I don't panic. Slowly, I turn away and pull off my mask. The flicker of surprise that crosses her face is brief but real.

"You're no stranger," she says, voice low but steady. "Thought I'd see you here."

I keep my voice even. "I'm here to talk. To find Rudra."

Her grip tightens on the gun. "You think I'd give that up so easily?"

I step closer, voice dropping. "Neither of us wants this to get messy. You know what's coming if it does."

Her eyes sharpen. "You're walking a knife's edge."

I nod. "So are you. But let me ask. Where is Rudra now? Where does he hide when the walls close in?"

Her glance flickers, hesitation for the briefest second. I press on, voice softening, planting the seed of doubt. "I know he's no coward. He's stronger than anyone thinks. But even the strongest need a refuge. A place where they're untouchable. Especially, when they know how it ends."

Her gun lowers slightly, eyes never leaving mine. "If I told you, it wouldn't change the outcome."
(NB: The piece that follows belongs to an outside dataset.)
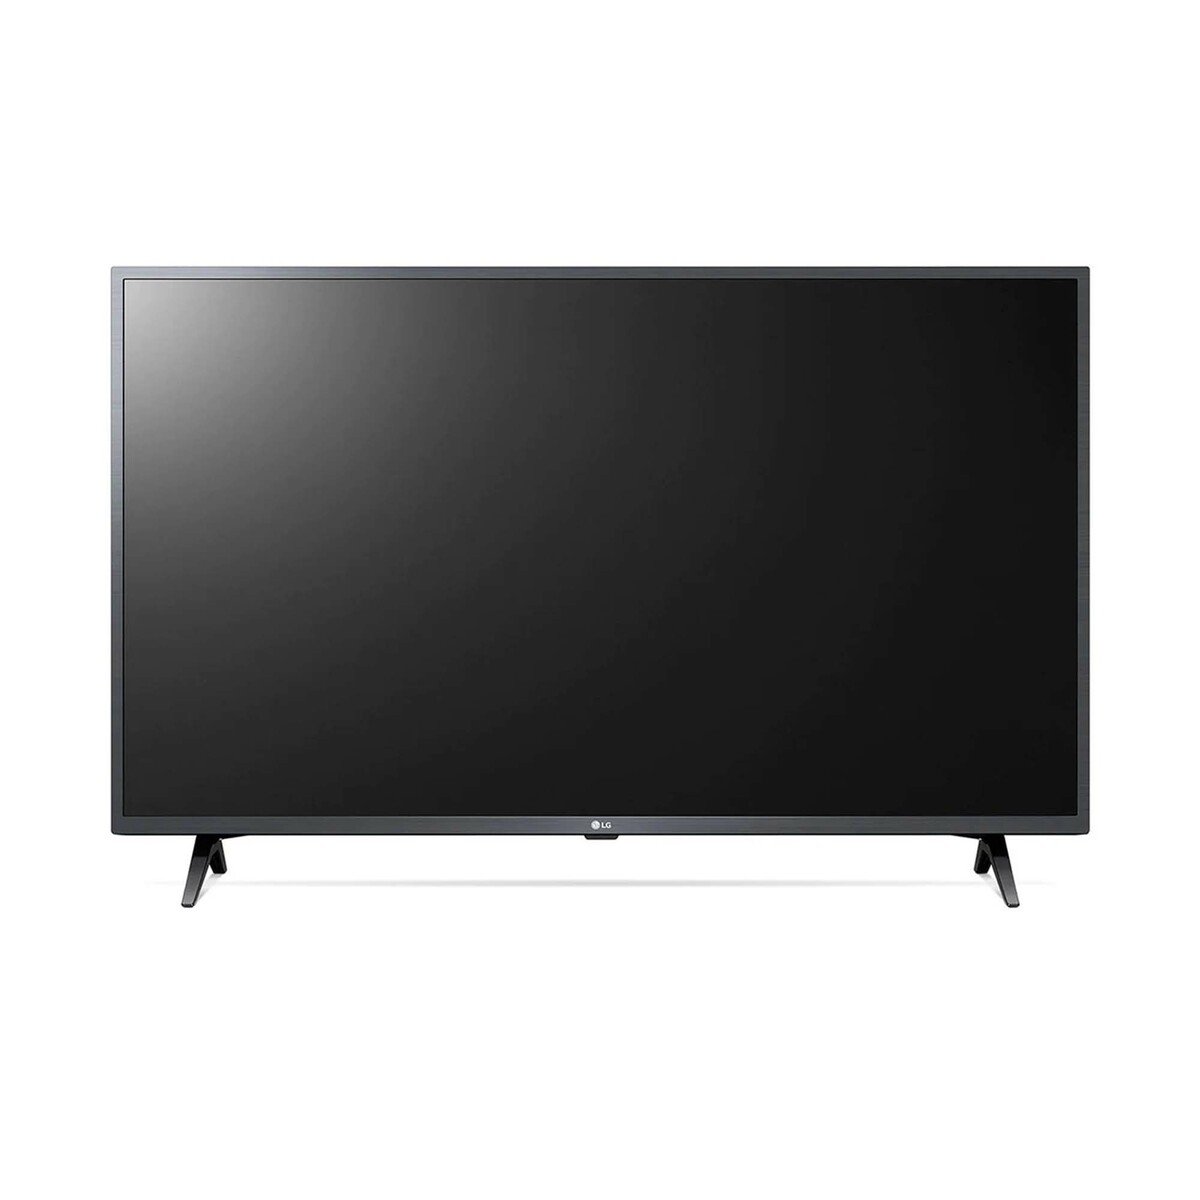 LG Full HD Smart LED TV 43LM6300PVB 43"

"Maybe not," I say carefully. "But it will change the battlefield. Give us a chance to end this cleanly with as little damage as possible."

She breathes out slowly, gun still ready but fingers loosening. "RAW headquarters. He's there. Meetings by day, working through the nights. He may visit the PMO tomorrow at 11 a.m. Remember what I am giving you, is illegal to tell, I am paying the price, but I can handle you if you would not be able to handle this well."

I absorb it, measuring every word. "Why tell me this?"

She shrugs, a shadow of a smirk breaking through. "Because you and I both know this game is bigger than Rudra now. The man's just a part of the machine. And I don't think either of us wants to be the one to pull the trigger and watch it fall apart."

I slip the mask back on and back away. "Then we have agreed. No unnecessary fire. We'll settle this with precision."

Her eyes linger on me, then she turns back to her screen. The office feels colder somehow, the silence heavier.

I step out, the weight of the information like a pulse in my veins. Rudra is close, but this is no longer a chase. It's a war of minds and the pieces are only just beginning to move.